I have to stop myself here. Because I am tired, and hot, and covered with a fine layer of sanding grit and dust, I am afraid I'll fall into histrionics. If I could say it calmly, I'd say this: So much of my life feels like a mistake, why would I want to preserve it? The years I spent married to the wrong person. The futile attempts to civilize the savage children that resulted, with little success (My odds are 1/4: Vegan Girl is the success story- finishing school, getting a job, supporting herself, making a life free of substance problems). The time I wasted when I was young and idealistic, thinking  I could really change something, really DO something.Finding out when I was in my 40s what I was meant to do, who I was meant to be, and what I was good at, and trying not to resent all the lost time I could have had honing that talent. Like Yeats's Irish Airman, thoughts not of regret, but of balance, waste, the lonely impulse of delight.
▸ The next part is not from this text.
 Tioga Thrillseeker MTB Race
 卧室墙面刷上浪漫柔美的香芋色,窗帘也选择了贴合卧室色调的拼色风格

But CSO sees memories in a different perspective. His mom has Alzheimers. She is in assisted living, trying to remember who, what and where on an hourly basis. He sees memories as precious, learning experiences, time-frozen moments.Things that evoke memories are touchstones.  I see them as a report card. I hear a tapping foot. I see red marks on a grid.


 I stand there in the hot, humid, dusty kitchen and hold this all back. CSO has put an enormous amount of time, energy and sweat into getting the house ready. I could not have done this on my own. We are both exhausted, hot, sore from painting, wiring, sanding. In the morning, we will stiffly stagger through coffee (me) and breakfast (him) and then try to get through the day without ODing on Advil.


But for now, I owe CSO something. To consider his point. So I pick up the Fur Elise music box ( which my parents bought as a reminder of how long it took me to learn to play that particular piece, and how they suffered through the frustrated keybanging when I reached the bridge: point taken)  and put it aside. I know it's here in the house, somewhere. I'll probably be glad someday, when I find it. The comic books rest in the cardboard box. The djambe is in a closet. It's almost moving day. I'll be on the porch. 


 I am not Marcel Proust, nor was meant to be. No madelines for me, thanks. The past? It's passed. I don't need many  souvenirs.(1) We're good. It is what it was. It was something.


Here's a poem.


Only Something



Only something with no


need— 

warped by element, loved 
into recession
                    
Only something with no
mother, a boat on its water,
afloat and nowhere

could refuse the harbor

Something with no vacancy,
no hunger, cropping its own
low capacity

No birth wound, no age ring,
something strayed
by spontanaeity

Only something with primal
border, with mineral
armor

could turn from this offering

Like a peak you sometimes
see, not a chain of anything


                           ~Priscilla Becker

(1) I changed the "any" to "many" at the last read of this. I've been reading a lot of David Foster Wallace.
 He uses footnotes a lot to explain his writing. Kind of a meta-cognitive stream of meta-consciousness. I'll try not to get too attached to this.  xo Herself.                                                                        

1 comment:

  1. How you manage to unearth such a fitting poem every time eludes me, and gives me cause to give thanks.

    Love the footnote, and the succinct description of points of view. You have a way of shining a light directly to the point. Refreshing, just like your blog background, but not like August.